Publié le 26 novembre 2021

Le 28 octobre dernier Mark Zuckerberg a révélé les projets qu’il avait pour les années à venir, projets sur lesquels il travaille en réalité depuis plusieurs années. Dans un premier temps les médias ont seulement relayé que Facebook devenait Meta, ce qui peut porter à confusion : l’application Facebook garde le même nom, c’est la maison mère initialement Facebook, Inc. qui change de nom et devient Meta Platforms, Inc. Le projet Zuckerberg reste finalement flou pour beaucoup.

 

 

 

Qu’est-ce qu’un metaverse ?

Pour poser les bases, le terme « metaverse » est la contraction des mots « meta » faisant référence à une vision de quelque chose dans son intégralité, dans son ensemble, et de « univers ». Le metaverse apparait dans les années 90 pour mentionner des mondes virtuels dans lesquels des individus peuvent interagir.

On le retrouve en effet pour la première fois dans le livre de science-fiction de Neal Stephenson, « Le Samouraï virtuel » paru en 1992. L’histoire se déroulant dans un univers futuriste et dystopique, le roman ouvre une nouvelle branche de la science-fiction. En 2011 sort au cinéma « Ready Player One » réalisé par Steven Spielberg, un film de science-fiction se déroulant en 2045 dans un monde chaotique où l’Oasis, un monde parallèle accessible à l’aide de casque de réalité virtuelle, devient une société virtuelle, véritable exutoire de toute l’humanité.  Enfin, en 2003 est également sorti le metaverse Second Life, un logiciel dans lequel ses utilisateurs incarnent des personnages virtuels dans un monde qu’ils créent eux-mêmes. En résumé, le metaverse est loin d’être un phénomène nouveau ! On a même pu voir de grandes enseignes comme L’Oréal organiser des évènements virtuels. Mais alors, quel est le projet du créateur de Facebook ?

 

 

Créer « le successeur de l’internet mobile »

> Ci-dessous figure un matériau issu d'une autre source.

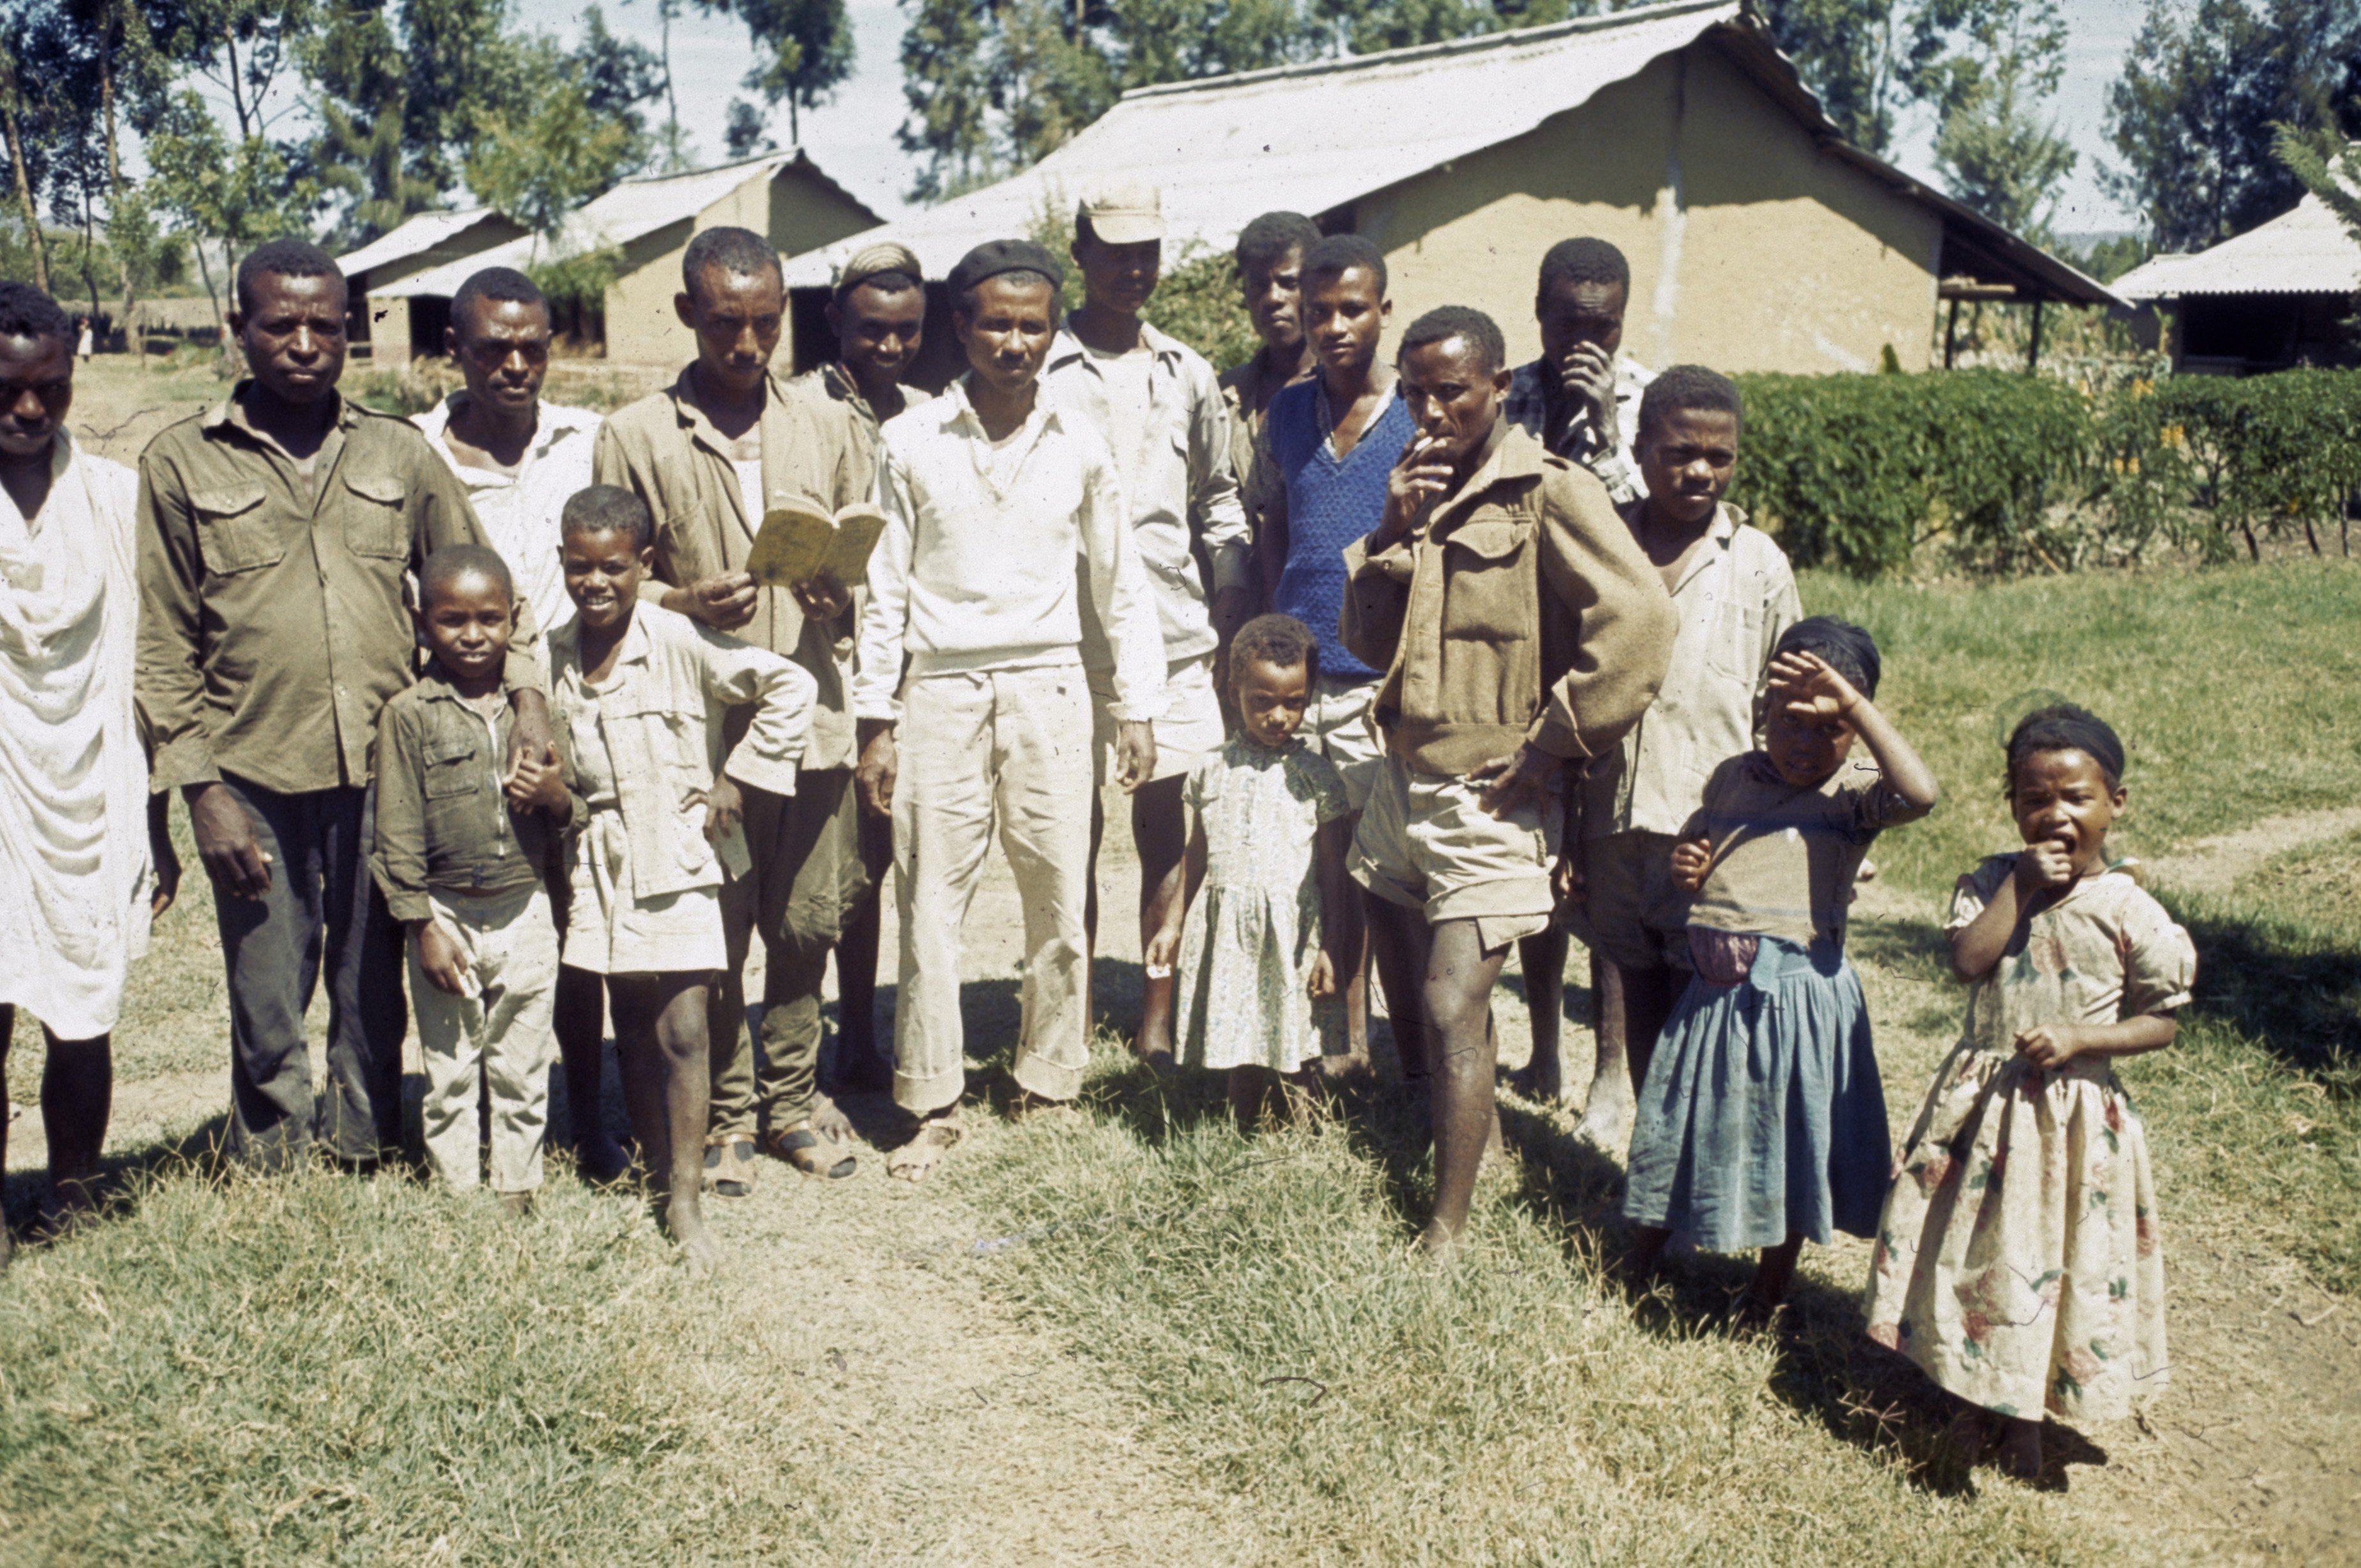 File Bezoek Koningin Juliana Pr Bernhard Pr Beatrix Pr Claus Aan Ethiopie Hva Bestanddeelnr 254 8321 Jpg Wikimedia Commons

Pour revenir d’abord sur l’industrie de Facebook, Meta Platforms donc, elle fait partie des géants du Web, les GAFAM et regroupe chaque mois, sur ses différentes applications (Facebook, Facebook Messenger, WhatsApp, et Instagram) près de 2,89 milliards d’utilisateurs. Créée en 2004, l’entreprise devient Facebook en 2005 et rachète en 2012 Instagram créé 2 ans auparavant. En 2014, l’entreprise de Facebook va également racheter la filiale Oculus créant des casques de réalité virtuelle avant de s’en servir pour créer Oculus Rooms permettant aux utilisateurs de créer leurs propres chez-eux virtuels. En 2017, apparaît Facebook Spaces qui permet, avec un casque Oculus et des manettes Touch, de rencontrer ses amis Facebook dans un univers virtuel, et « de passer du temps avec eux dans un environnement interactif et fun, comme si vous étiez dans la même pièce » comme l’explique Facebook dans un communiqué. Des avatars pourtant peu réalistes en grandeur nature qui se déplacent et bougent les lèvres au son des paroles, permet un échange sympathique entre amis avec des fonctionnalités vous permettant de vous retrouver dans divers univers, malgré des interactions tout de mêmes limitées. Facebook Spaces, laisse place en 2020 à Horizon. Encore en version bêta, le slogan de cette nouvelle plateforme est « Créer, explorer, ensemble. » et se présente comme «une expérience sociale où vous pouvez explorer, jouer et créer de manière extraordinaire. À Horizon, vous n’êtes pas un simple visiteur. Vous faites partie de ce qui rend le monde formidable. » (inscrit sur la page d’accueil du site internet) La plateforme semble similaire à Second Life. Dernièrement, en septembre, Facebook s’est associé à la marque de lunettes Ray-Ban pour créer des lunettes connectées pour prendre des photos et se connecter à Facebook. C’est le même système de fonctionnement qui a échoué les dernières années chez Snapchat et même Google, mais que Facebook espère apporter à ses utilisateurs pour les familiariser avec le domaine des objets connectés.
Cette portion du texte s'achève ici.